Learning about self talk, self worth, and continuing to present the best light I have forward no matter how hard the darkness tugs. And does it tug. Daily, hourly, always persistent to bring on shame, fear, guilt, worthlessness.
It is no coincidence that the combined lessons God culminated for me recently involve learning where my worth comes from, whose opinion really matters to me, and how to identify, combat, and diminish the pain in a healthier way. Of course it will take me a bit to figure it all out. I am learning to be okay with it being a slower process than I had hoped. I am learning to be okay with mistakes. Learning to look at myself with love, a tiny bit.
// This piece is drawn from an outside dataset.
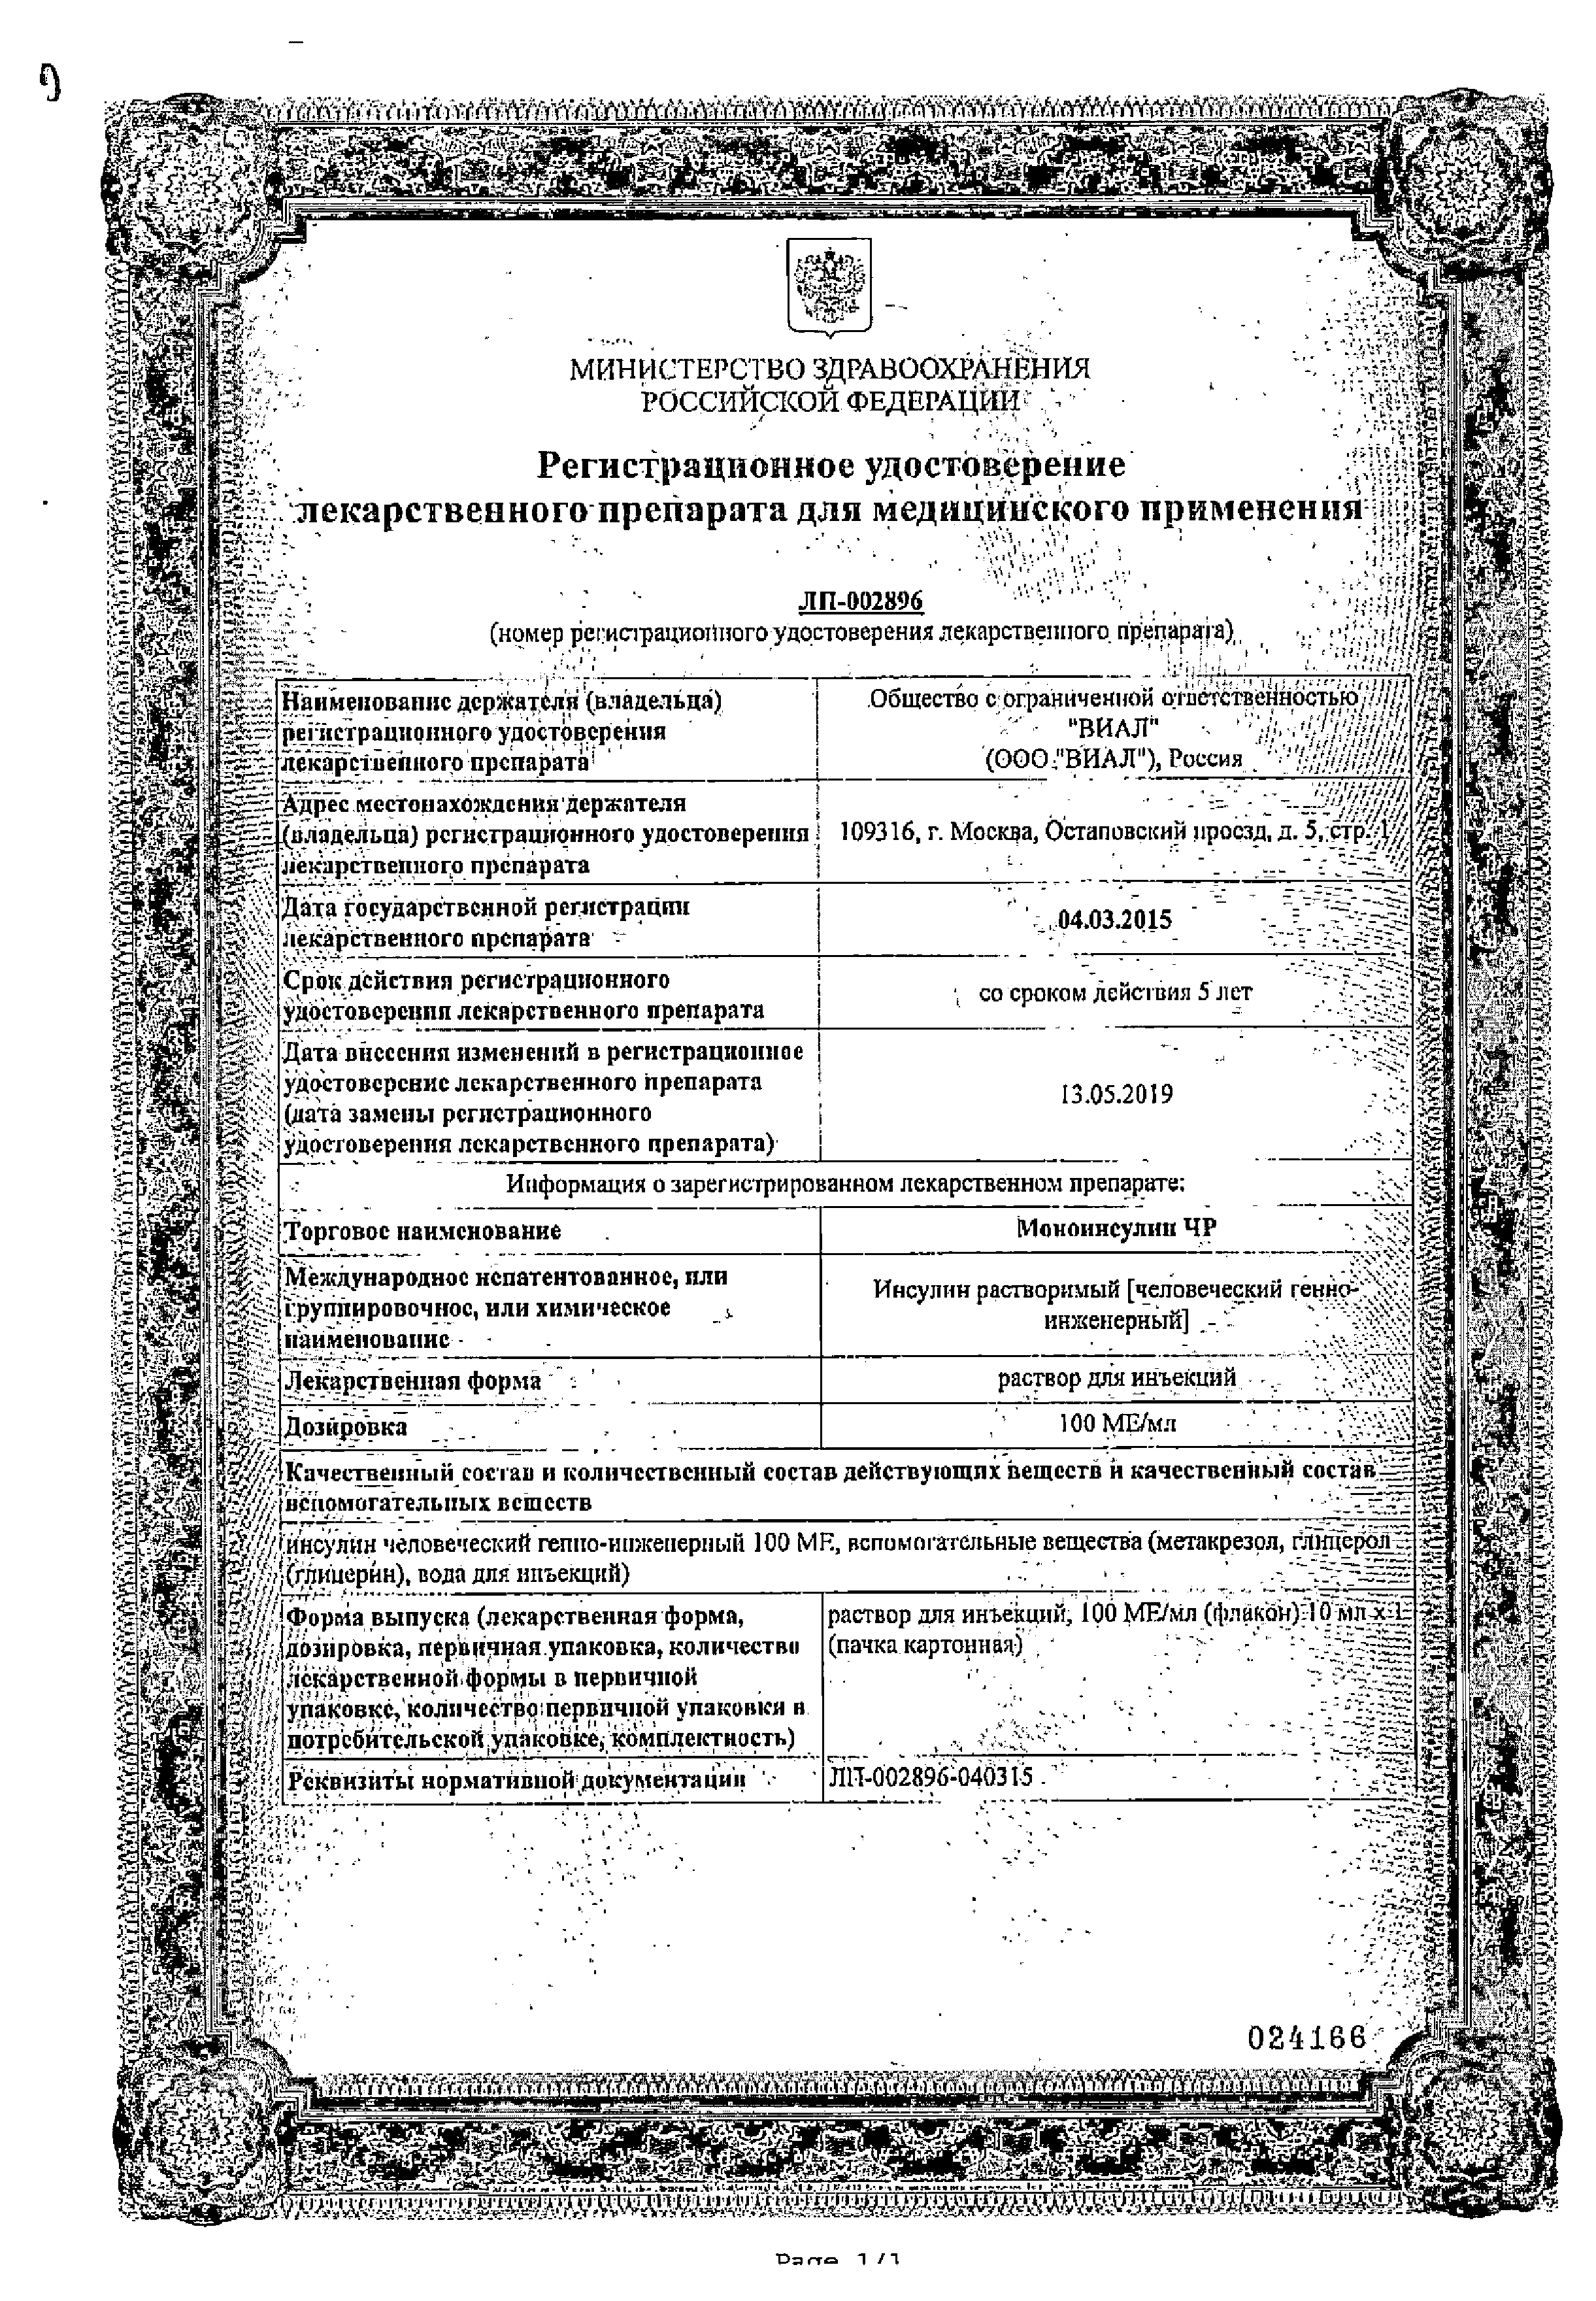 Моноинсулин ЧР сертификат

I am excited to pursue being the best human being I can be with the commission to endure a unique suffering in chronic illness, domestic violence, PTSD, depression, and anxiety. Getting comfortable with writing my book, for reals! Like, really putting a piece of me out there to be judged and examined and scoured. It is terrifying and it needs to be done. If I don’t allow the light of Christ to shine through my suffering, it would be for nothing.
There are hard days and hard moments when I forget my goal. I take my eyes off the prize, completely consumed by all the busy-ness of life, the family, the shop, drama, problems, and overwhelming pressure to keep going despite physical pain. It is these times I crumble big, take long breaks, and often rely on those who love me most to lift me back up.
I am thankful for the chance to share my story. I am thankful for the opportunity to have a safe place to write, breathe, feel, and share just what I need. Exhale.